Year of Mercy: Fostering relations with people of other faiths

By Rev Walter Fogarty, Chairman of the Diocesan Interfaith Commission

As the Church prepares for the Jubilee Year of Mercy, which begins on 8 December this year, the Diocese of Parramatta has announced a newly reformed Diocesan Interfaith Commission to foster relations with peoples of other faiths.

Previously, such relations were overseen by the Commission for Ecumenism and Interfaith Dialogue.

In separating the two aspects of the previous commission, the Diocese stresses the importance of, and focus that needs to be given to, both areas in its mission within Western Sydney.

The work of the new Interfaith Commission will focus on two broad areas: developing and strengthening dialogue between the Diocese and other faiths; and promoting a greater understanding among Catholics of Church teaching on interfaith relations.

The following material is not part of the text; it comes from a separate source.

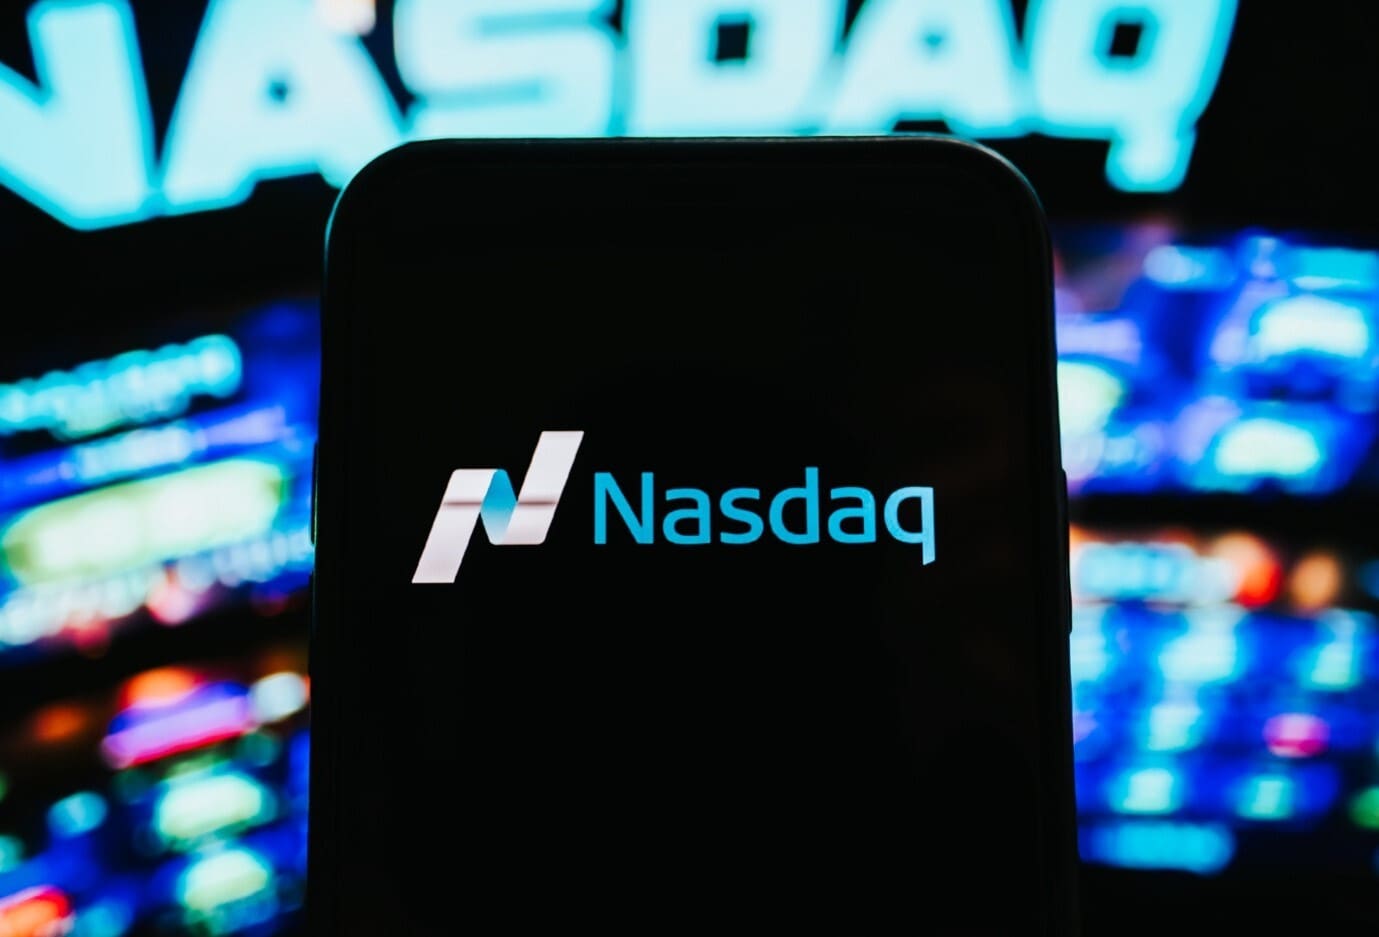 A smartphone displays the Nasdaq logo against a background of financial charts.

The Commission will further the formal process of interfaith relations initiated by Vatican II, leading to formation of what is now known as the Pontifical Council for Interreligious Dialogue.

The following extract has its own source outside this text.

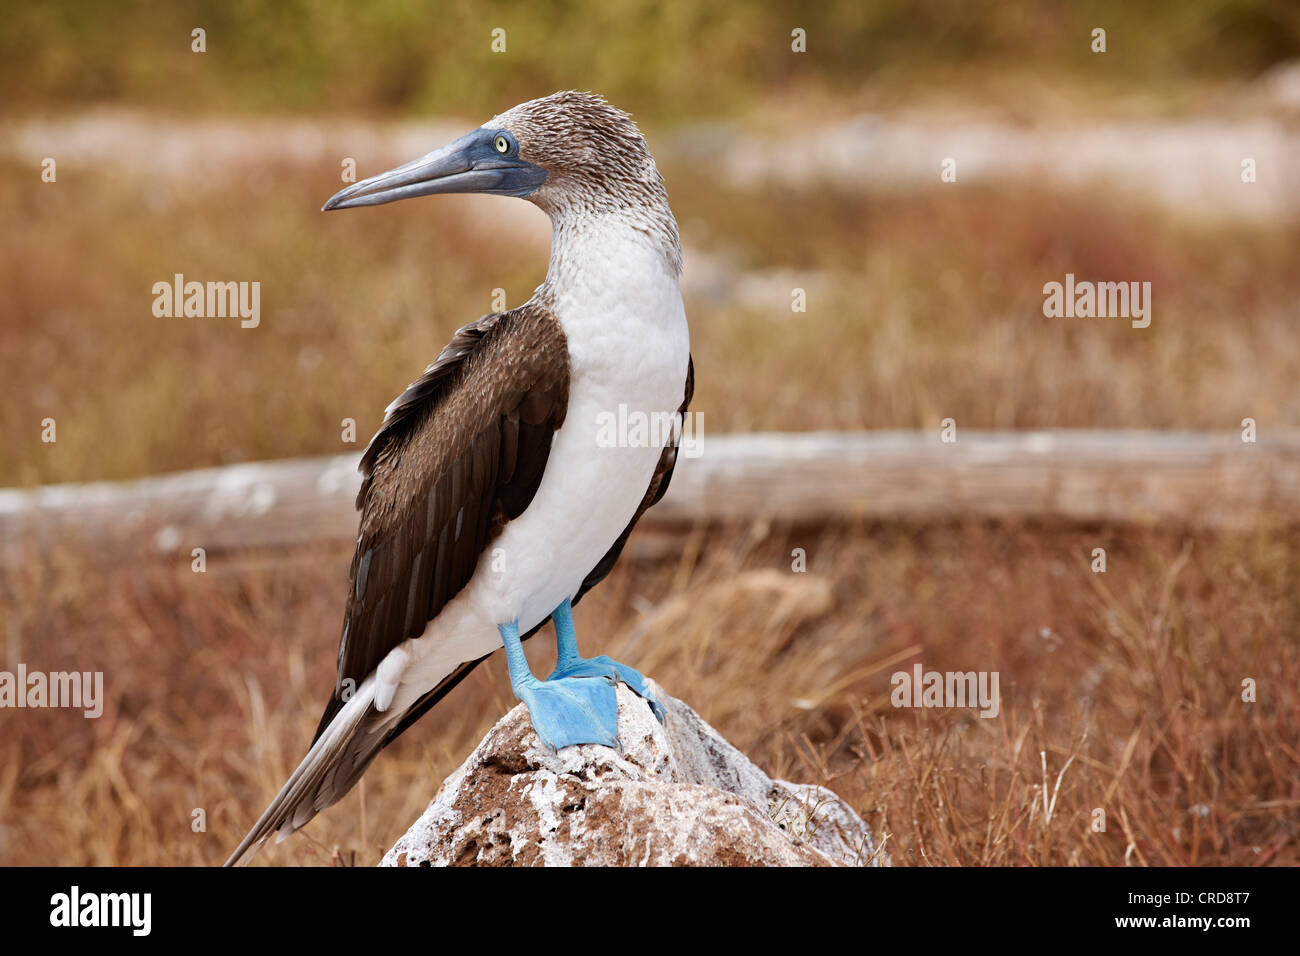 Blue-footed Booby (Sula nebouxii) on a stone, North Seymour Island, Galapagos Islands Stock Photo

Laying the foundation for the Pontifical Council’s work, its earlier manifestation, the Secretariat for Non-Christians, saw that through its efforts “the Church extends a hand to our brothers and sisters on their way to God, who is the end of every human life”.

Australia’s Cardinal Edward Cassidy was active in the Church’s interfaith dialogue, especially as a past president of the Vatican’s Commission for Religious Relations with the Jews.

Cardinal Cassidy identified the Church’s early approach as twofold: promoting within the Church the new understanding of relation with other faiths as taught by Vatican II’s declaration Nostra Aetate; and, a conscious effort to develop dialogue with the aim of building trust and overcoming barriers.

The Pontifical Council, outlining the method it adopts towards dialogue, states genuine dialogue “is a two-way communication. It implies speaking and listening, giving and receiving, for mutual growth and enrichment. It includes witness to one’s own faith as well as an openness to that of the other. It is not a betrayal of mission of the Church, nor is it a new method of conversion to Christianity.”

St John Paul II reinforced this need for open dialogue in his encyclical Redemptoris Missio (1990). Interfaith dialogue, he wrote, can aid “the world to be renewed and to journey ever closer toward the kingdom”.

“Understood as a method and means of mutual knowledge and enrichment,” St John Paul teaches, “dialogue is not in opposition to the [Church’s] mission ad gentes [to the nations] … It is demanded by deep respect for everything that has been brought about in human beings by the Spirit … Through dialogue, the Church seeks to uncover the ‘seeds of the Word,’ a ‘ray of that truth which enlightens all men’’; these are found in individuals and in the religious traditions of mankind. Dialogue is based on hope and love, and will bear fruit in the Spirit. Other religions constitute a positive challenge for the Church: they stimulate her both to discover and acknowledge the signs of Christ’s presence and of the working of the Spirit, as well as to examine more deeply her own identity and to bear witness to the fullness of Revelation which she has received for the good of all.”

Pope Francis continues this teaching in the bull proclaiming the Year of Mercy, Misericordiae Vultus, declaring, “There is an aspect of mercy that goes beyond the confines of the Church. It relates us to Judaism and Islam … I trust that this Jubilee year celebrating the mercy of God will foster an encounter with these religions and with other noble religious traditions; may it open us to even more fervent dialogue so that we might know and understand one another better; may it eliminate every form of closed-mindedness and disrespect, and drive out every form of violence and discrimination.”

The members of the Diocesan Interfaith Commission, both lay and ordained, endeavour to assist in this often overlooked and misunderstood aspect of the Church’s mission, an endeavour given greater significance in the face of growing religious intolerance in our community.